Stay hydrated throughout the day. Instead of waiting until you’re thirsty to finally take a sip of water, keep a bottle of water nearby and sip on it consistently. If you’re thirsty, it actually means that your body is at or near dehydration. If you struggle with drinking water, check out some refreshing ways to drink water! Another good way to monitor your daily water intake is to use a large water bottle to help measure the amount of cups you are drinking, and help you set goals on how much more you need.

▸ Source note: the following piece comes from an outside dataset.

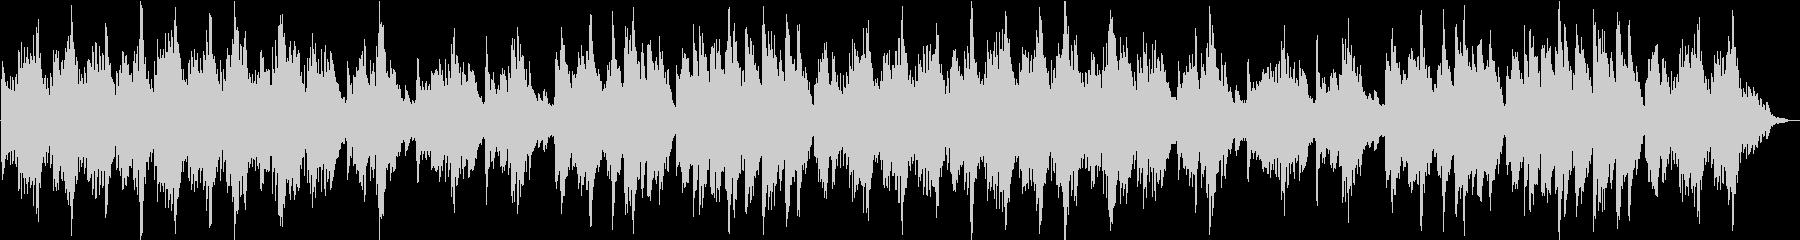 不思議で浮遊感のあるダークメルヘン曲の未再生の波形

Food is a common topic that makes its way in conversations. It is closely associated with memories, associations with others, family and cultural traditions, and yes, your emotions. Sometimes your cravings may not only be due to stress, but a craving for something linked to pleasant memories with people, places, and things. Food brings people together. Events are complete when it involves food.
If there is a stimulant or trigger that causes you to indulge, try to disassociate the image or memory that triggers you to eat unhealthy foods and sweets. Overtime, your cravings can and will subside.